Unsolicited commercial email, a.k.a. spam, is an attack on the Internet. It's as simple as that. Until we start really treating it as such, the problem is only going to get worse. In the meantime, we've got greylisting.

Greylisting combines many desirable attributes. It's incredibly low maintenance. It has not misclassified a single legitimate message in the 3 months I've been using it, and it has reduced the number of spams I need to look at by 5 to 10 times. When I first heard about greylisting, I dismissed it as too easy for spammers to circumvent. However, in the 18 months since Evan Harris proposed the idea (July 2003), greylisting seems to be as effective as ever.

In this article, I'll provide details of how greylisting works, offer information to help you decide whether it's right for you, and suggest pointers for installation.

What Is Greylisting?

Greylisting works because the vast majority of spammers and email-propagated worms cheat. To get their messages out quickly and easily, they take shortcuts. One of the biggest shortcuts is that most message deliveries are attempted only once. If a delivery attempt fails for any reason, the sender ignores that delivery and tries other addresses.

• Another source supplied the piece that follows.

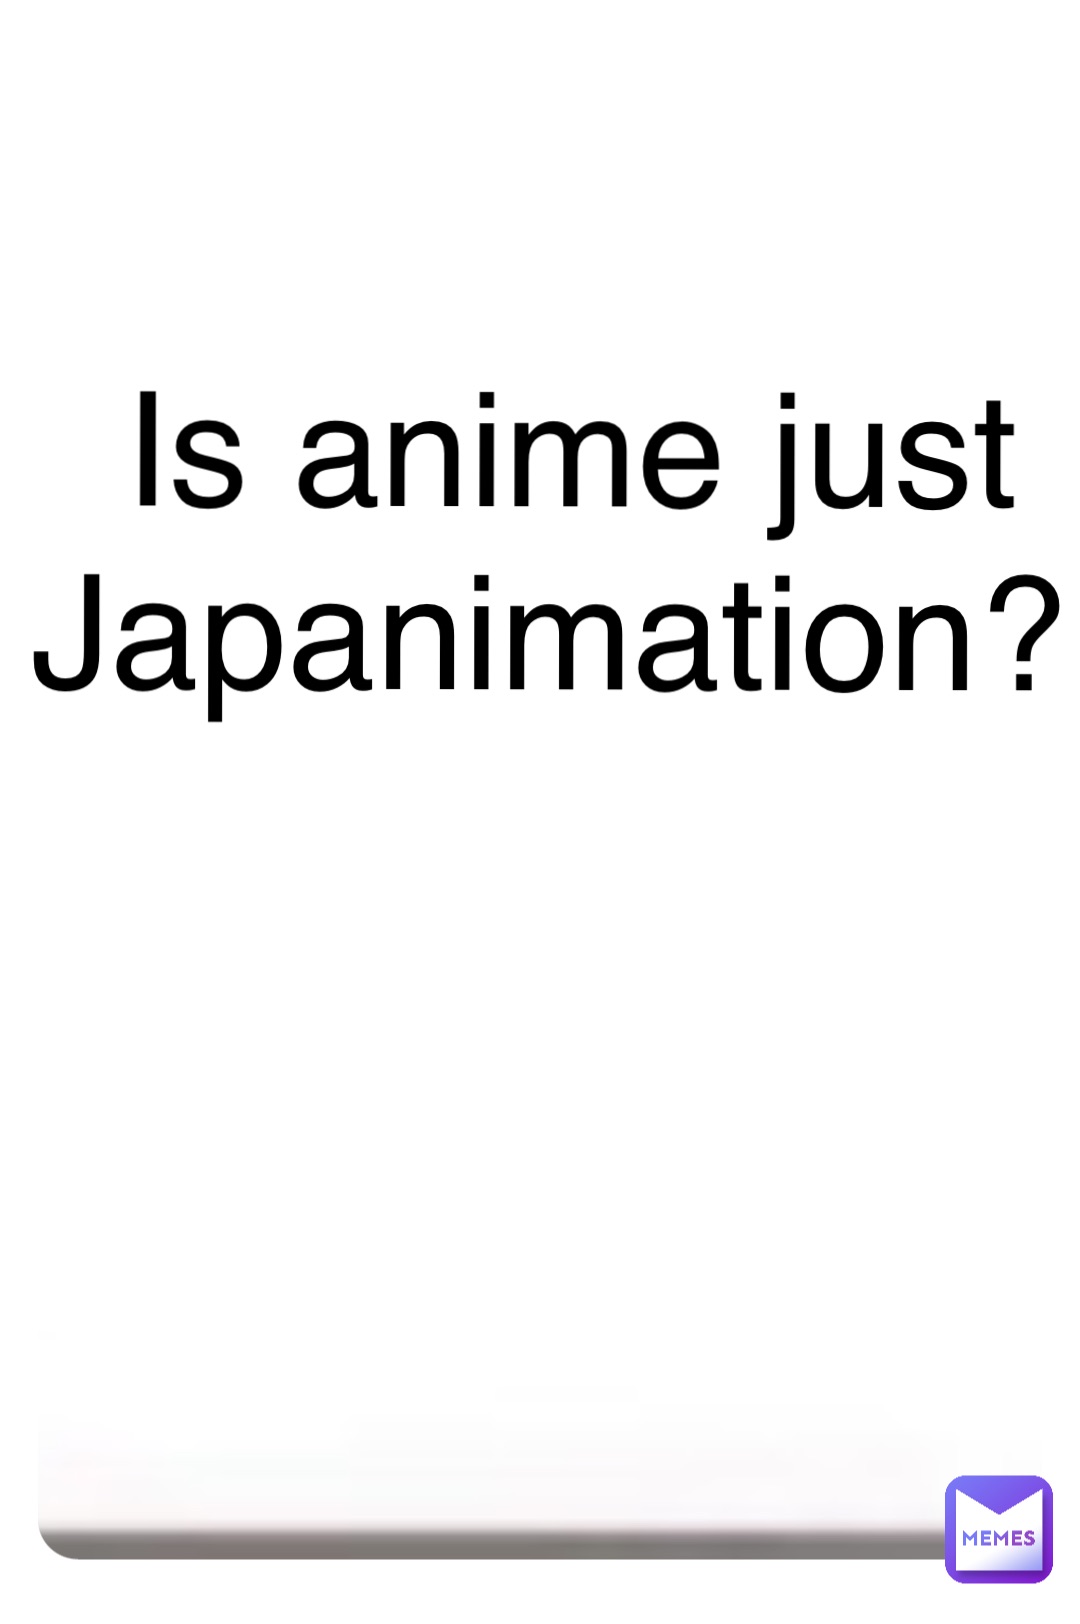 Double tap to edit Is anime just Japanimation?

Greylisting relies on spammers using software that does not queue messages with temporary failures to try them again at a later time. Real mail servers will continue trying to deliver a message for at least several hours, and usually several days if it doesn't go through the first time. Implementing this functionality significantly complicates the mailing software and uses resources on the sender's computers, which is probably why so many spammers are neglecting to do it.

In general terms, greylisting works by creating a "triple" of remote IP address, envelope sender, and envelope recipient for every incoming recipient. I say "recipient" instead of "message" because in the case of carbon copies, a single message can have multiple recipients. This triple is then looked up in a database. For the first hour that a new triple is seen, it is rejected with a temporary failure (400-series SMTP response), requesting that the remote Mail Transfer Agent (MTA) try again later. After that, the recipient is allowed for delivery.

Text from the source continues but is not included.